我丈夫方泽远,三十一岁,在一家互联网公司做产品经理,月薪一万八。我们结婚三年,感情一直不错。

他是那种不太会说话但做事靠谱的人——你让他买酱油他不会买醋,但他也不会主动问你想不想吃鱼。

我婆婆方秀兰,五十八岁。早年丧夫——方泽远他爸在方泽远十五岁的时候因为一场意外走了。

婆婆一个人把两个儿子拉扯大,吃了多少苦只有她自己知道。

退休以后她从老家搬来城里跟我们一起住,帮忙做家务。

我小叔子方泽明,二十七岁。在外地跟朋友合伙做建材生意,平时很少回来,过年能见一面。

他比方泽远外向,能说会道,但做事有点毛躁。

婆婆总说他"心太大,手太小"——想法多,但兜里没钱。

月子是我婆婆照顾的。

我妈本来要来,但她身体不好,腰间盘突出犯了,下不了床。

我婆婆主动说:"我来。你妈那个身体,来了也帮不上忙,反倒添乱。"

我当时挺感动的。

说实话,我婆婆干活是真利索。早上六点起来熬小米粥,变着花样做月子餐——鲫鱼汤、猪蹄花生、红枣银耳。

衣服当天换当天洗,孩子的尿布换得比我还勤快。

可就是有一个毛病——她叹气。

不是偶尔叹一声那种。是从早叹到晚,一声比一声沉。

早上在厨房熬粥,叹。中午在客厅看电视,叹。下午晾衣服,叹。晚上刷碗的时候也叹。

那种叹气声不是"累了"的叹气。累了的人叹气是往下坠的——呼一口气,肩膀松下来。

我婆婆的叹气是往上顶的——吸一口气,卡在喉咙里,然后慢慢放出来,像有什么东西堵在胸口,怎么也顺不下去。

一开始我以为她累了。跟方泽远说:"让你妈歇歇吧,别太辛苦了。要不要请个月嫂来帮忙?"

方泽远说:"她闲不住。你请月嫂她反而不高兴,觉得你嫌她做得不好。"

"那她怎么老叹气?"

"她就这样。从年轻就爱叹气。习惯就好。"

我信了。

可后来我发现不是。

有天半夜两点多,我起来喂奶。经过婆婆房间门口,听到里面翻来覆去的声音——床板吱呀吱呀地响。

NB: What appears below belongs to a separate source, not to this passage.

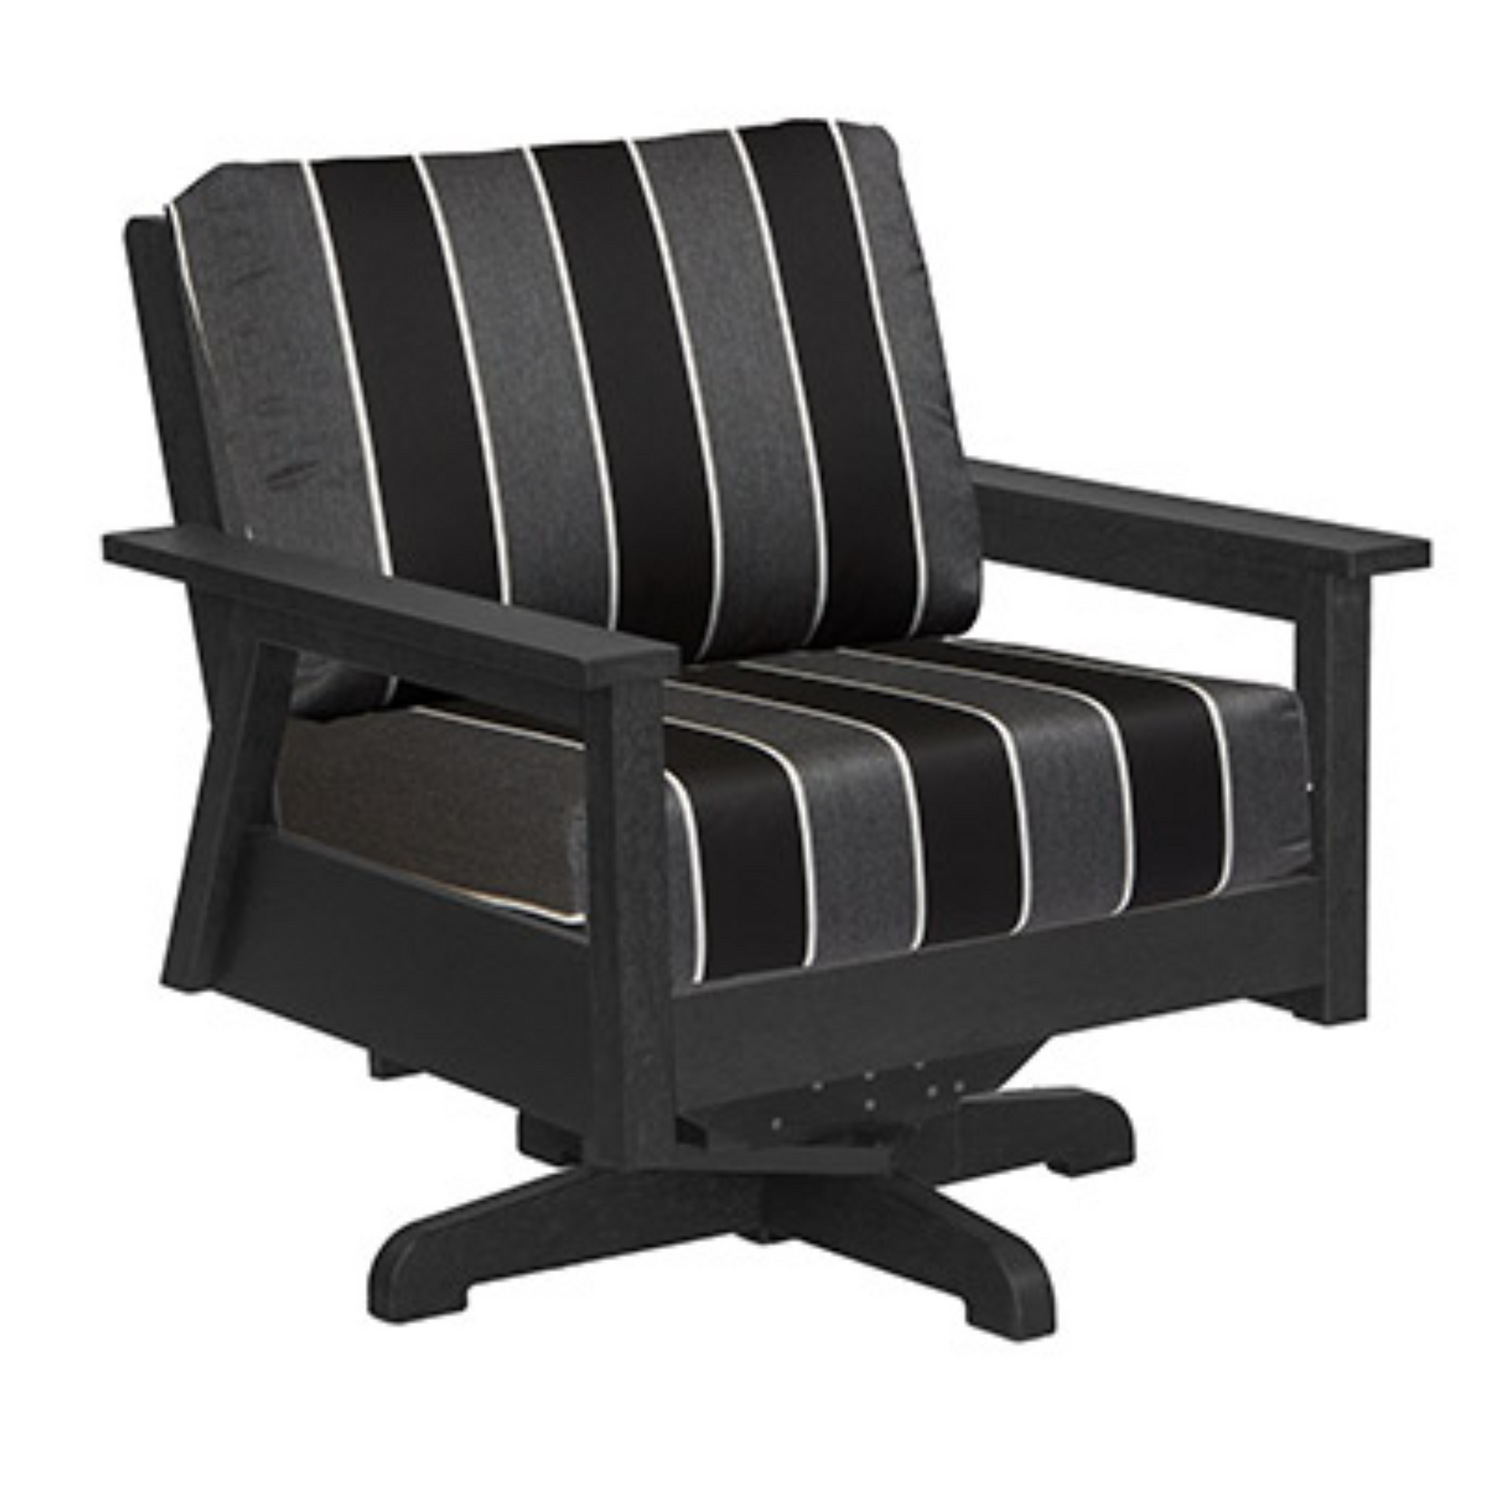 C.R.P. Tofino Swivel Chair in Frame Colour Black and Cushion Colour Peyton Granite
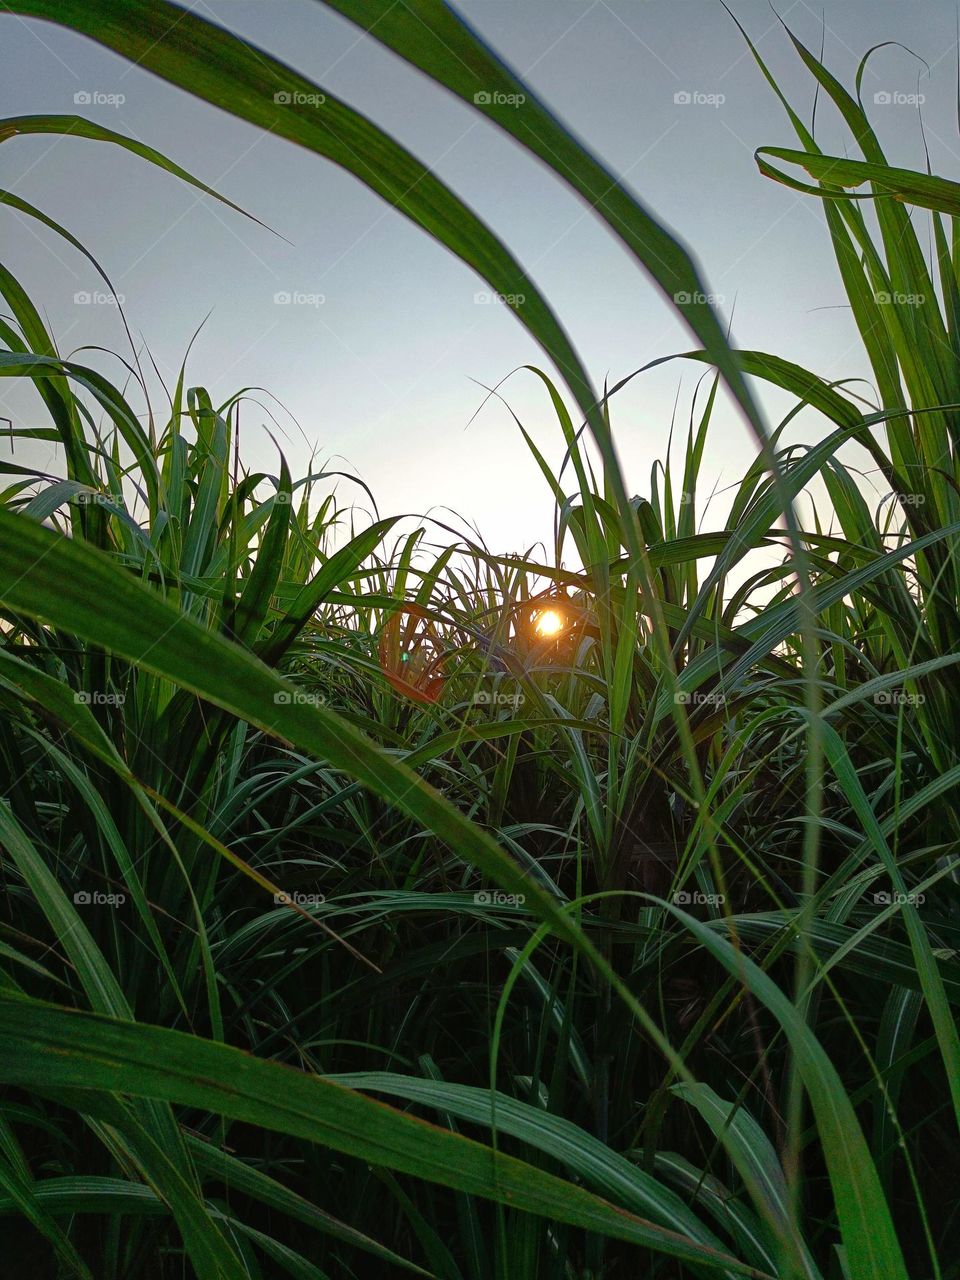 sunlight peaking through sugarcane leaves in the morning.

然后是一声长长的叹气,闷在被子里,像是不想让人听见。

我站在门口听了一会儿。

那不是一天两天的叹气。那是日日夜夜、反反复复、压在心底很久很久的叹气。

我开始胡思乱想。

是不是嫌弃我生了女儿?

我生的是女孩。六斤四两,健健康康的。婆婆当时在医院看到孩子的时候笑了,还说了句"长得像念秋,好看"。

可后来出了院回到家,她的叹气就开始了。

是不是重男轻女?

我想了好几天,越想越觉得有可能。婆婆那个年代的人,观念多少有点老。

她虽然嘴上没说,但心里会不会觉得——苏念秋你给我们方家生了个丫头片子?

女儿很乖。吃奶睡觉都正常,不怎么哭闹。我自己身体恢复得也还行。月子里除了婆婆魂不散的叹气声,一切还算平静。

那阴

可那种叹气声像一根刺。扎在肉里面,你看不见它,但你每走一步都感觉得到。

月子里的日子像一口闷锅,外面看着平平静静,里面咕嘟咕嘟冒着泡。

婆婆的叹气声是那根最细的火苗——你不知道它什么时候会把锅盖顶开。

而方泽远,我的丈夫,他每天回家听到那声音就皱眉,皱完眉就冲我——好像那口气是我惹出来的。

我开始跟方泽远提婆婆叹气的事。

第一次是产后第十天。

"你妈最近老叹气,是不是身体不舒服?要不带她去查查?"

方泽远正在换衣服准备上班,头都没抬:"她没事。你别多想。"

"没事她叹什么气?从早叹到晚,我听着都压抑。"

"我说了她就这样。从小到大都这样。"

第二次是产后第十五天。

"你妈是不是不喜欢孙女?我看她抱孩子的时候也在叹气。"

方泽远皱了皱眉:"她不是那样的人。你别瞎猜。"

"不是我瞎猜。你想想,孩子出生之前她不怎么叹气。孩子一回来她就开始了。这怎么解释?"

"苏念秋,你是不是月子里想太多了?"

他第一次在月子里叫我全名。

我愣了一下。没说话。

第三次是产后第二十天。

"方泽远,你能不能认真听我说一句话?你妈这个叹气不正常。我半夜起来喂奶经常听到她在房间里翻来覆去。她是不是有什么事瞒着我们?"

方泽远放下手机,看着我。表情很不耐烦。

"你能不能别老盯着我妈?她叹气怎么了?谁还不叹个气?你是不是生完孩子太敏感了?要不你去看看心理医生?"

"你才去看心理医生。"

"行行行,我说不过你。我上班去了。"

他拎着包出了门。关门的声音比平时重。

被怼了以后我没再提。但心里开始不舒服了。

不是因为婆婆叹气——是因为方泽远的反应。

他不是在替婆婆辩护。他是在逃避。

一个人替妈妈说话会说"她没事,你别担心"。一个人在逃避会说"你别老盯着我妈"——这句话的潜台词是:你别再追问了。

我开始留意方泽远。

我发现他最近变了很多。

以前他下班回来第一件事是进卧室看我和孩子。亲一下我的额头,逗一逗女儿,然后去洗手吃饭。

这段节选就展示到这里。